Direktur Eksekutif Human Studies Institute (HSI) Rasminto mengingatkan agar perang narasi yang kerap mengiringi peristiwa bencana alam tidak menutupi akar persoalan dan menggeser fokus utama dari keselamatan warga serta pembenahan penyebab bencana. Menurutnya, dominasi adu framing di ruang publik justru berisiko melemahkan upaya penanggulangan bencana berbasis data dan kebijakan yang rasional.
Pernyataan tersebut disampaikan Rasminto dalam diskusi Green Diplomacy Network bertajuk “Quo Vadis Konstitusi dan Krisis Ekologis: Belajar dari Bencana Hidrometeorologi Sumatera”, Selasa (23/12/2025).
Menurut Rasminto, dalam banyak kasus bencana alam, termasuk banjir besar dan longsor di sejumlah wilayah Sumatera, ruang publik kerap berubah menjadi arena perang narasi. Ia menilai situasi tersebut berbahaya jika diskusi publik bergeser dari analisis berbasis data menuju pertarungan opini semata.
“Perang narasi yang membonceng isu bencana perlu disikapi lebih bijak, supaya tidak mereduksi substansi dari upaya serius penanggulangan bencana dan pembenahan akar masalahnya,” ujar Rasminto kepada wartawan, Selasa (23/12/2025).
Ia menjelaskan bahwa bencana tidak dapat dipahami sebagai peristiwa tunggal yang berdiri sendiri. Dalam konteks bencana hidrometeorologi, terdapat rangkaian faktor yang saling berkaitan, mulai dari kondisi wilayah hulu, persoalan daerah aliran sungai (DAS), perubahan tutupan lahan, tata ruang, hingga lemahnya penegakan hukum.
“Ketika diskursus publik didominasi disinformasi atau framing selektif, langkah-langkah kebijakan yang seharusnya didorong justru terpinggirkan. Padahal publik membutuhkan penjelasan yang jernih tentang pemicu bencana, indikator kerentanan, dan langkah paling rasional untuk mencegah bencana berulang,” tegasnya.
Rasminto juga menyoroti dampak perang narasi terhadap kerja-kerja lapangan.

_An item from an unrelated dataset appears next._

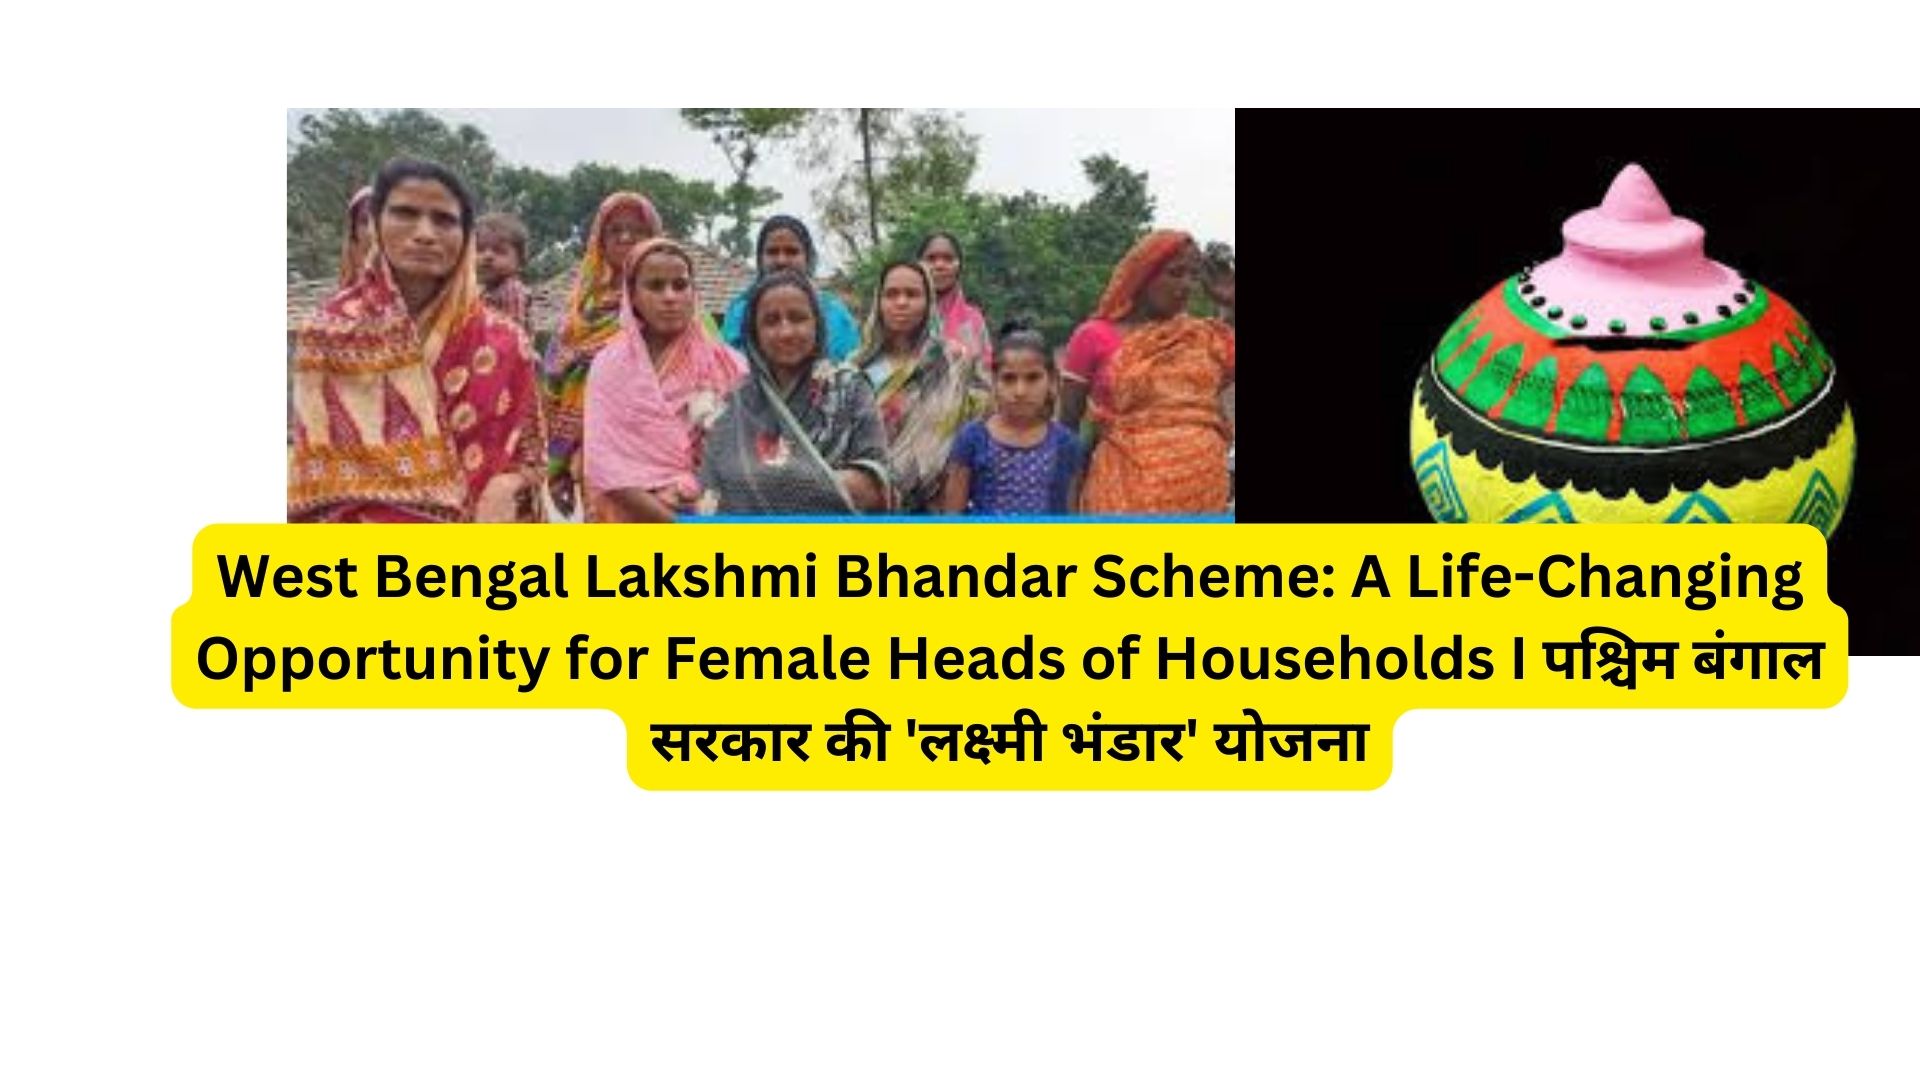 West Bengal Lakshmi Bhandar Scheme: A Life-Changing Opportunity for Female Heads of Households I पश्चिम बंगाल सरकार की 'लक्ष्मी भंडार' योजना

Menurutnya, situasi saling menyalahkan dan delegitimasi dapat mengganggu koordinasi penanganan darurat, melemahkan dukungan pemulihan, serta mengaburkan prioritas keselamatan warga.
“Komunikasi publik terkait bencana perlu dikelola dengan disiplin informasi. Setidaknya ada tiga hal yang harus dijaga bersama, yaitu keterbukaan data dan informasi, komunikasi risiko yang jelas, serta literasi publik untuk membedakan informasi faktual dengan propaganda yang mendelegitimasi peran negara dan relawan,” urainya.
Menurutnya, jika diskusi publik berlangsung sehat, fokus akan kembali pada evaluasi risiko, perbaikan tata kelola lingkungan, penguatan mitigasi, serta penegakan hukum.
“Fokus kita pada solusi, bukan pada adu serang yang tidak menyelesaikan masalah,” katanya.
Rasminto menegaskan bahwa pembenahan akar masalah harus berjalan beriringan dengan penanganan darurat. Ia menilai pencegahan bencana memerlukan koreksi kebijakan yang konsisten, mulai dari evaluasi perizinan di wilayah rawan, pemulihan ekosistem DAS, hingga penguatan pengawasan tata ruang.
“Bencana adalah ujian tata kelola. Jika yang menang perang narasi, kita akan sibuk berdebat. Tetapi jika yang menang data dan akal sehat, kita punya peluang mencegah bencana berulang,” pungkasnya.